OBM marketing manager Victoria Munthali says the commercial microfinance bank compensated traders who are servicing loans with the bank while assessing the damage the fire caused.
According to Munthali, the bank outsources insurance services from Nico General Insurance Company to cover their clients in any event under credit health insurance.
He says these are the fire victims who will benefit from the institution’s Bank Insurance Model (BIM).
She explains that fire is one of the risks that is insured against.
However, most traders are not familiar with the benefits that come with covering businesses against fire.
Said Harawa: “I have never been visited by an insurance company, marketing policies covering one’s property against fire. If it were so, I would have considered it.”
While Chiwaya, who has been vending for 14 years, says “I do not have any knowledge on fire insurance, I’m blank on that.”
“I am only aware of motor vehicle insurances because of traffic police who enforce it, but fire policies, no, no.”
President of the Northern Region Vendors Association, Stanley Simbeye, has a different opinion.
He says government through local councils should consider covering markets for traders not to feel the impact in case of an event such as fire.
Simbeye singles out other African markets that have gone the insurance way.
“I have been to Kariakoo Market in Tanzania, Lusaka in Zambia and Mpezanamo in Zimbabwe. These markets’ traders are insured,” he said, a claim Business Nation did not substantiate.
As lack of knowledge takes centre stage, does the blame rests solely on vendors?
President of the Insurance Association of Malawi, an umbrella body for general insurance companies, Dorothy Chapeyama, says it is the role of the organisation to sensitise market traders and the public on the benefits of insurance.
She says the major factor affecting the insurance industry is not only lack of knowledge but also economic hardships.
“Mostly insurance is the least to be considered when things are all good,” says Chapeyama.
Asked on the efforts they have put in place to create awareness, Chapeyama says her association was part of the financial literacy week that took place late last year in Blantyre in which they talked about fire policy.
She further says premiums are lower than what is paid in an event.
“The problem is that people appreciate insurance policies when something negative happens,” narrates Chapeyama.

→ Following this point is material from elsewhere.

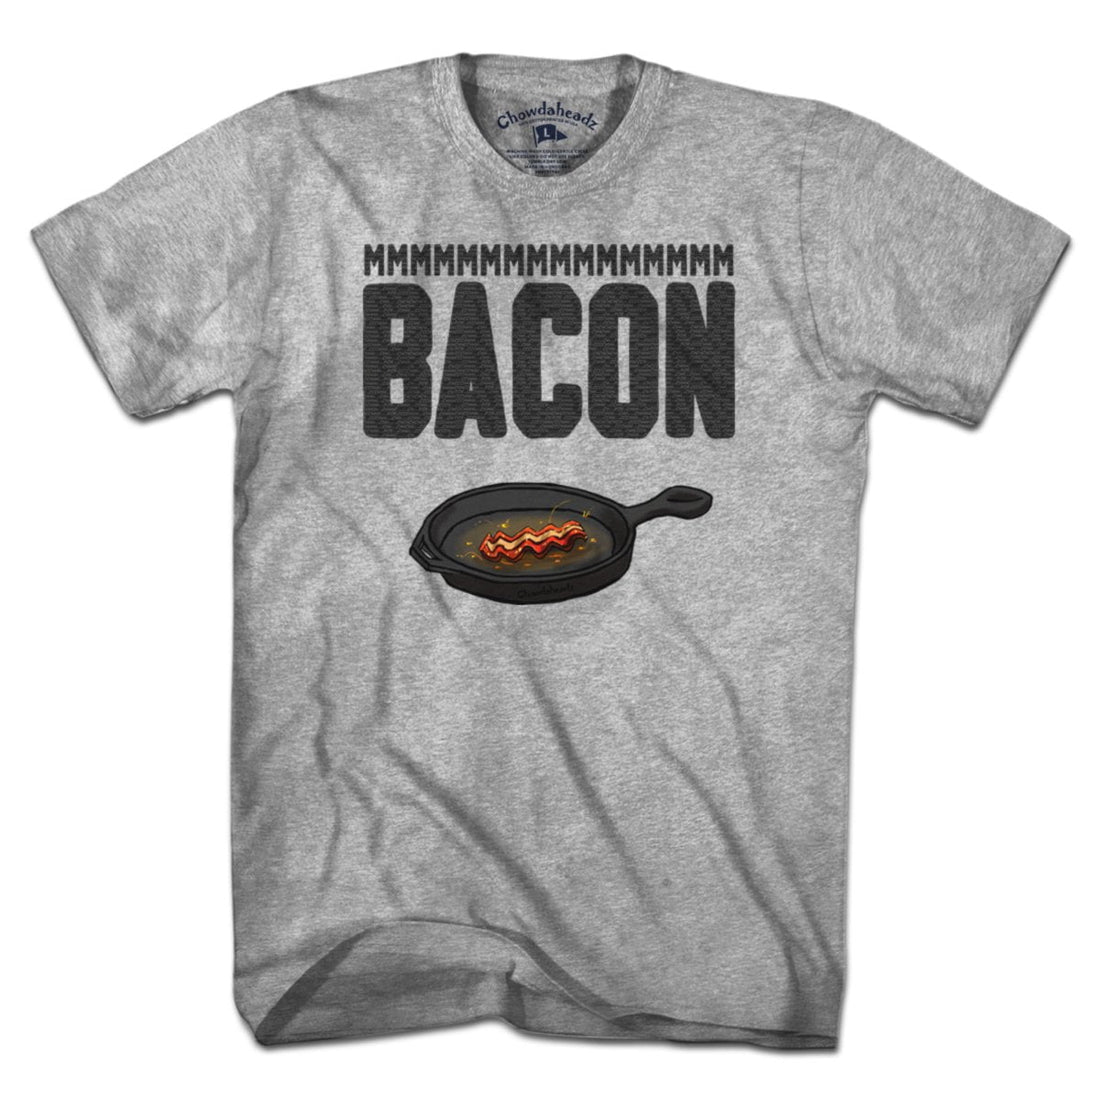 MMM Bacon T-Shirt - Chowdaheadz

Concurring with Chapeyama, Chiwaya says “you indeed realise the importance of certain things after learning it the hard way; now I know the value of fire insurance.”

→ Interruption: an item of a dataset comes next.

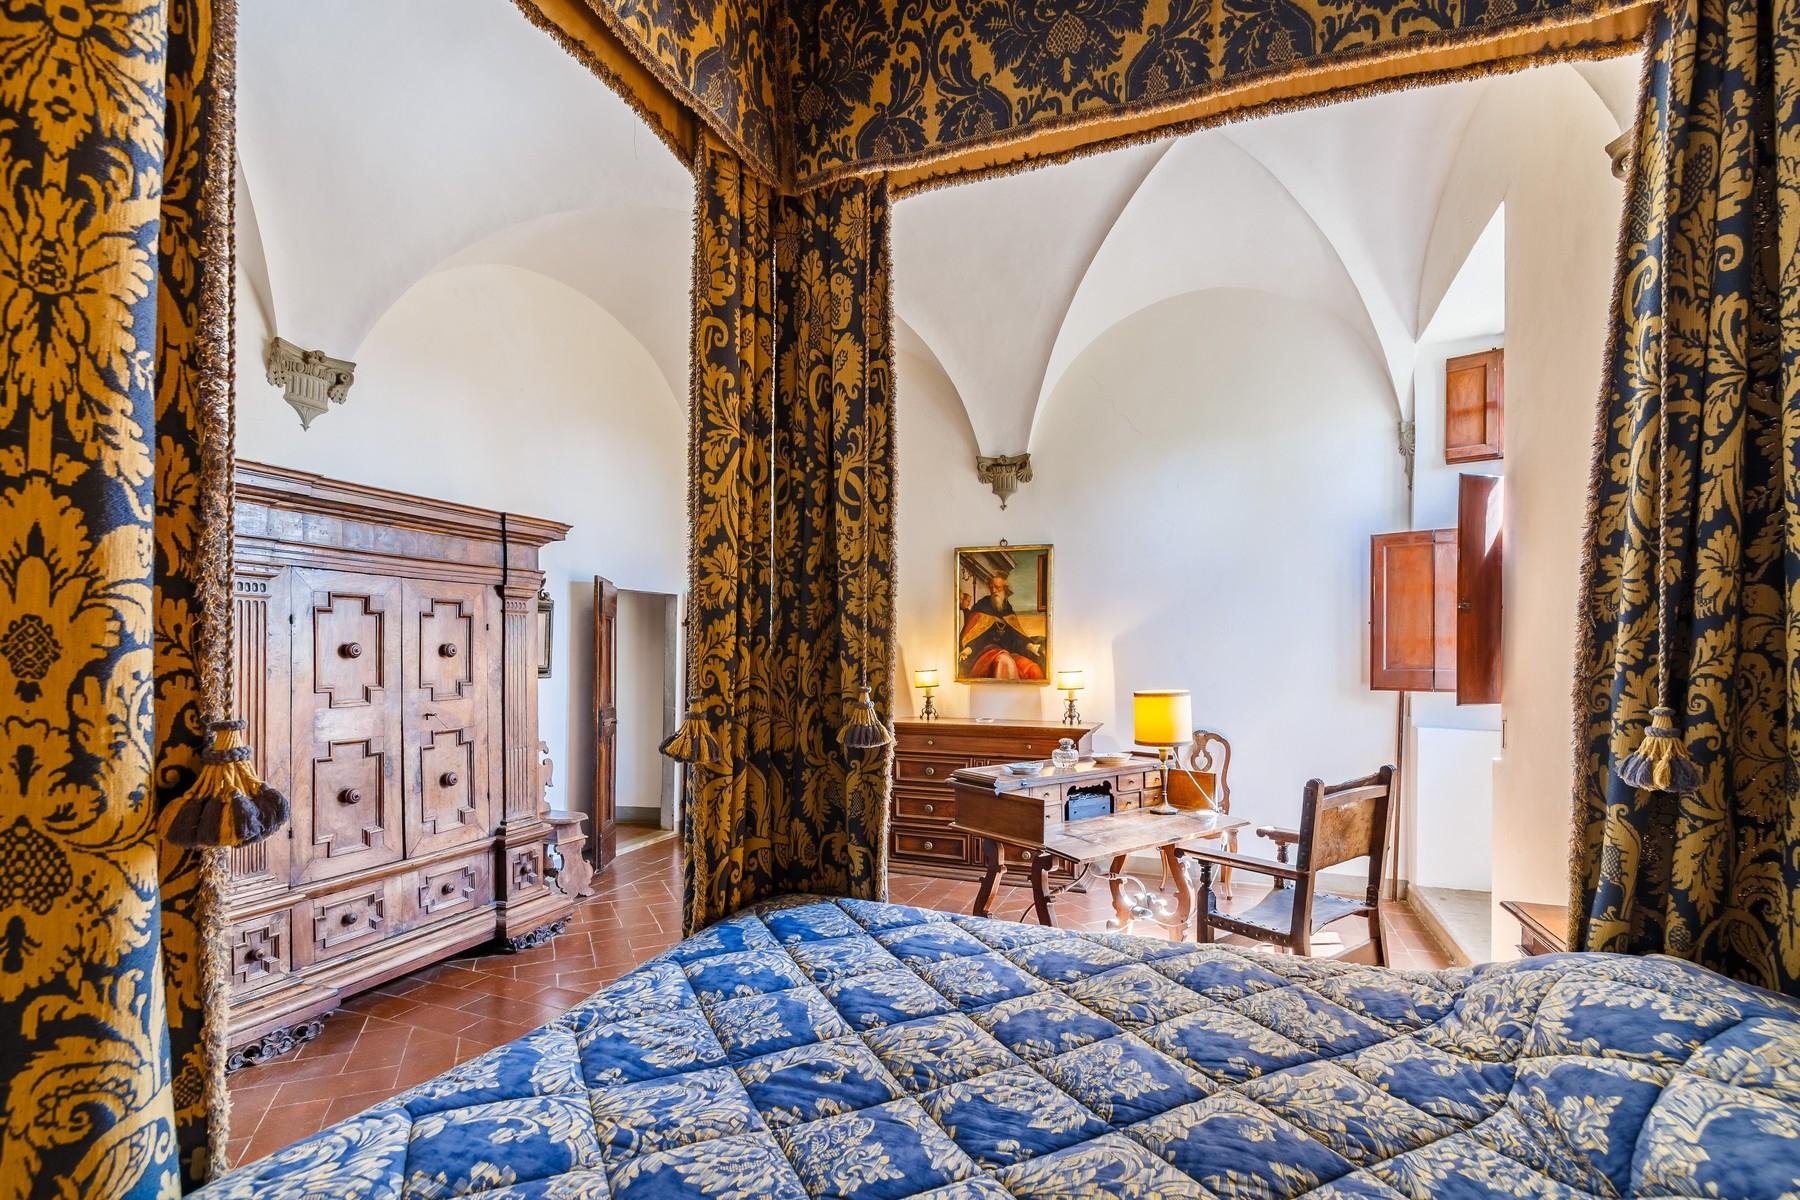 Francis York Medieval Castle Turned Renaissance Villa in Tuscany, Italy  00015.jpg

The Finscope Consumer Survey Malawi 2014 report shows that the insurance sector is small in the country.
The survey indicates that insurance products largely target the needs of those who are on salaries, with disposable incomes and higher levels of education.

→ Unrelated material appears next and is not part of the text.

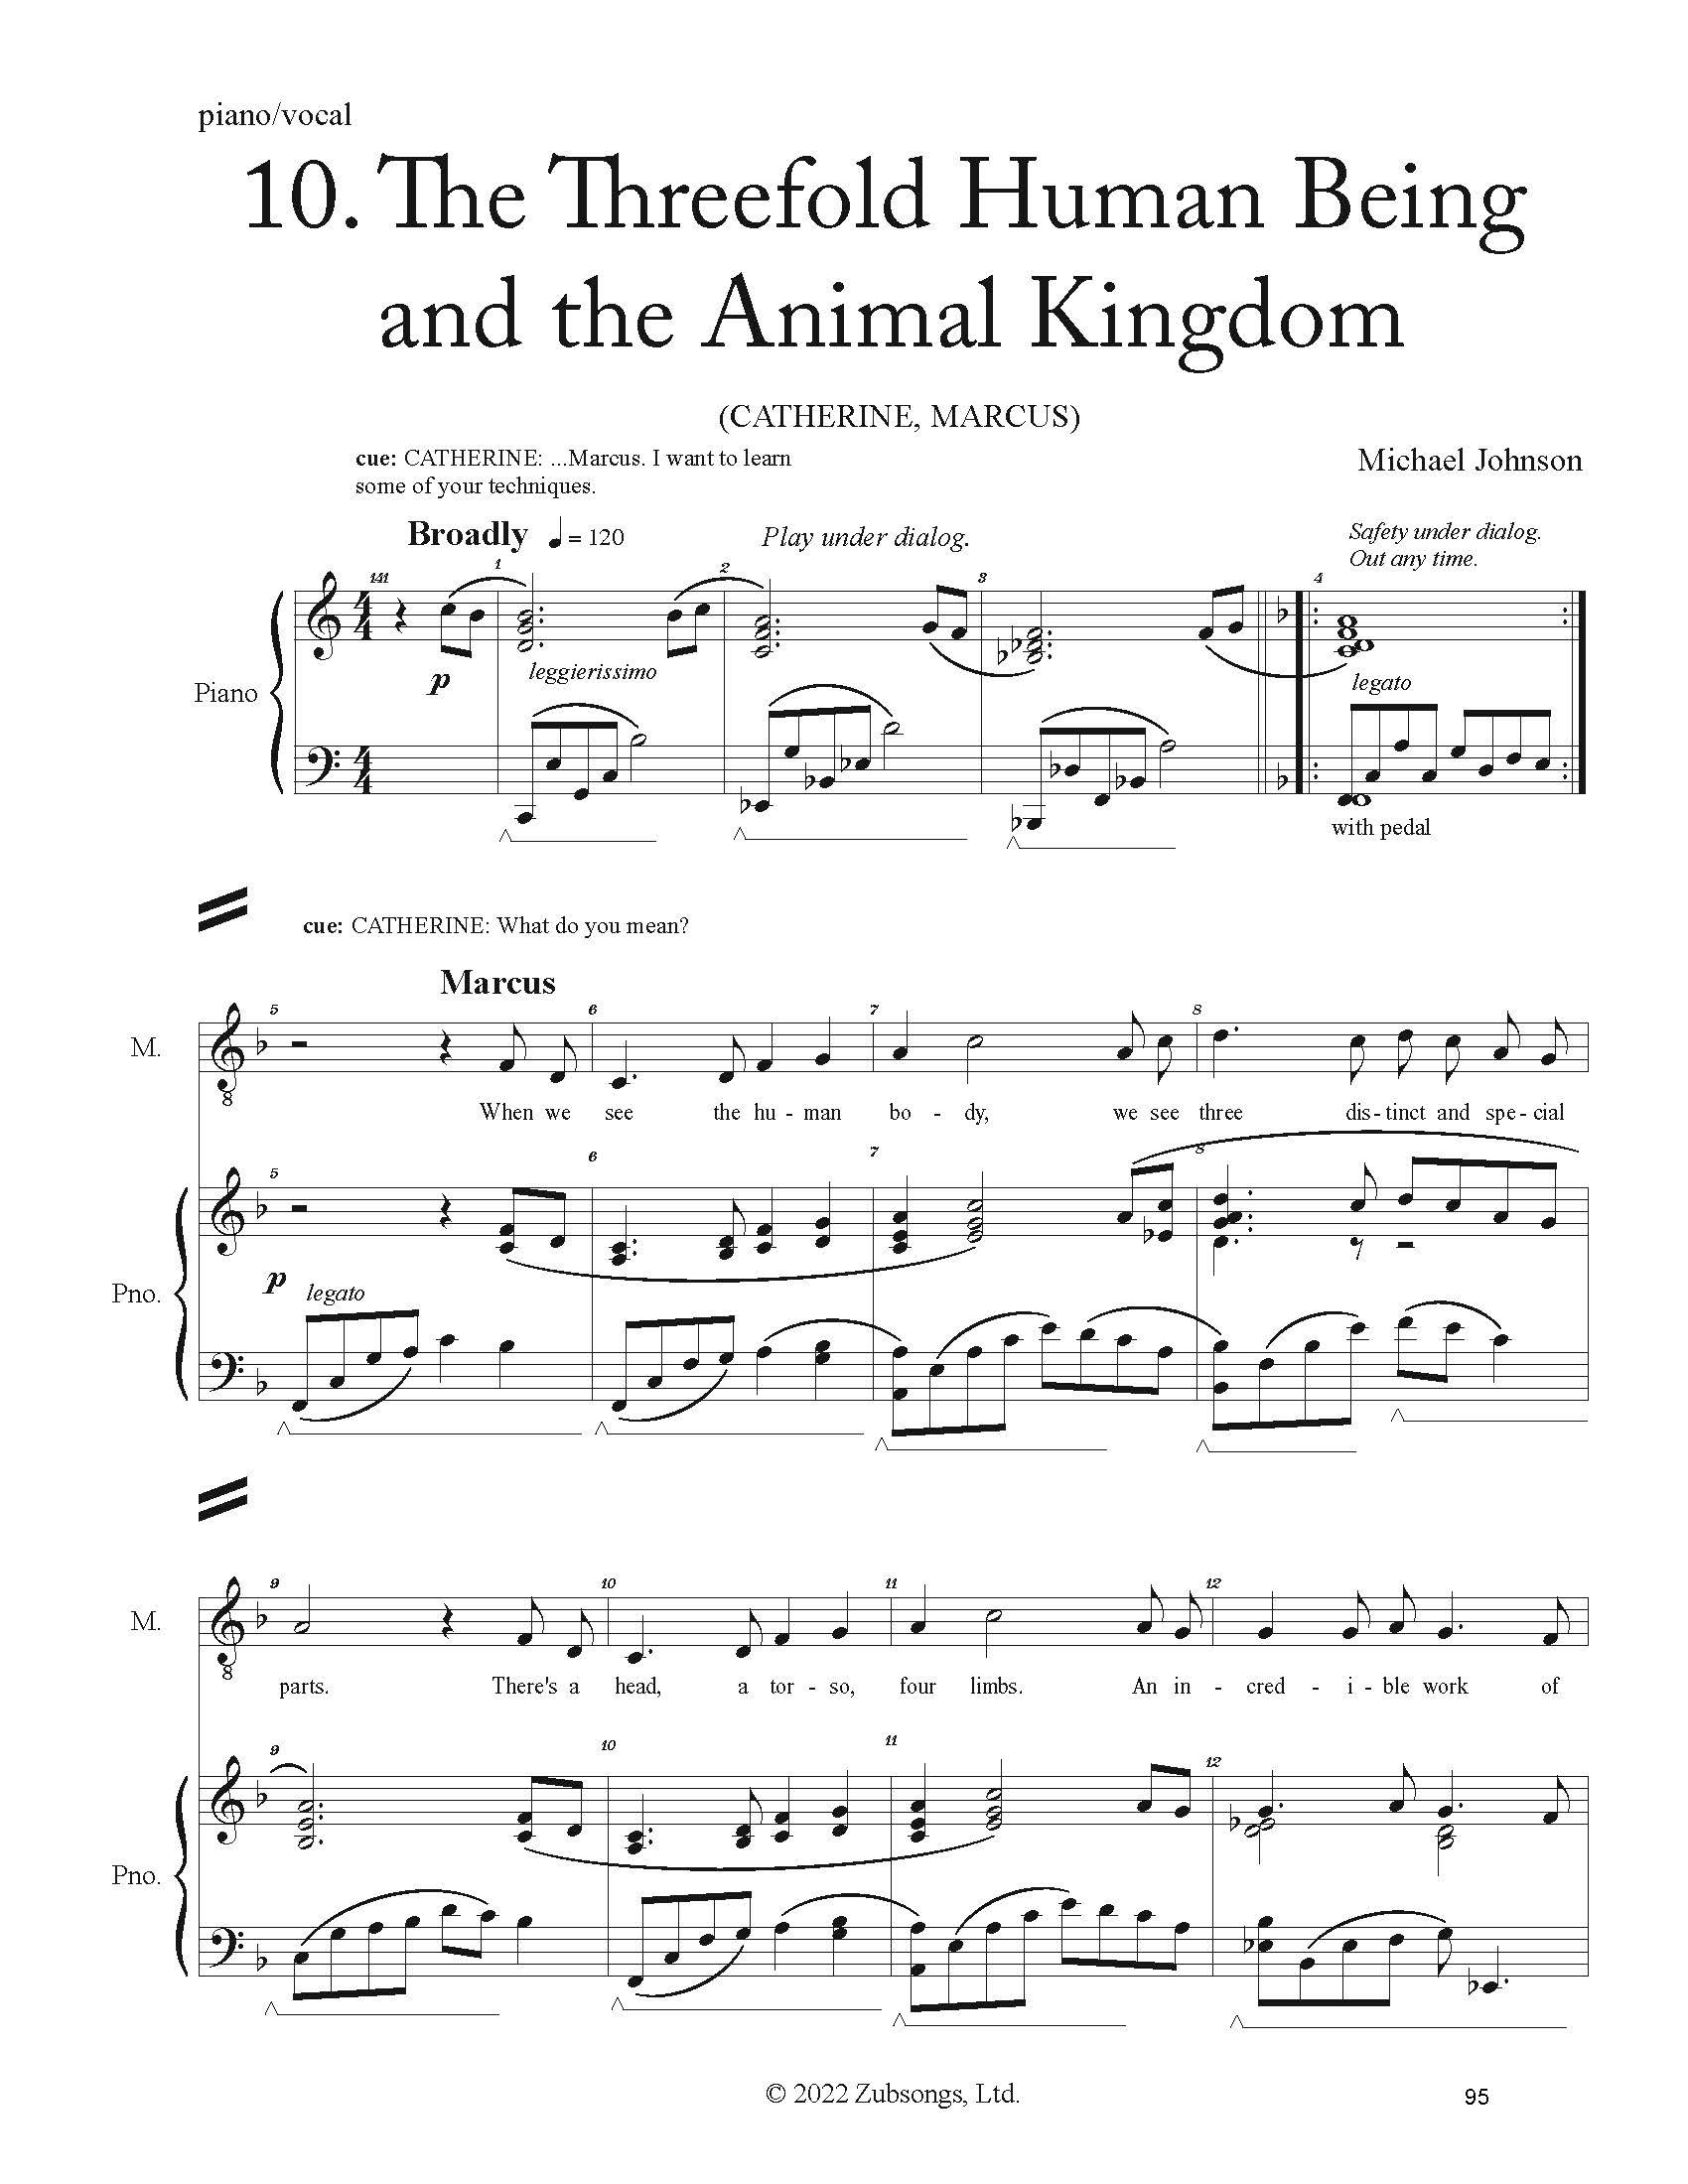 FULL PIANO VOCAL SCORE DRAFT 1 - Score_Page_095.jpg

According to the report, 97.8 percent of adults or 18 years and above do not have any kind of financial product covering risk.
It says only 2.2 percent (about 171 000 people) have some financial products covering defined risks.
Although the report says the absolute number increased slightly by about 8 000 individuals, the proportion of the adult population that have insurance decreased slightly from 2.7 percent to 2.2 percent due to population growth.
It points the drivers as life, motor vehicle and medical insurance while the barriers to the uptake of cover are lack of awareness and affordability.
As it is, it remains indisputable fact that market fires are devastating and snatching livelihoods and hard earned capital.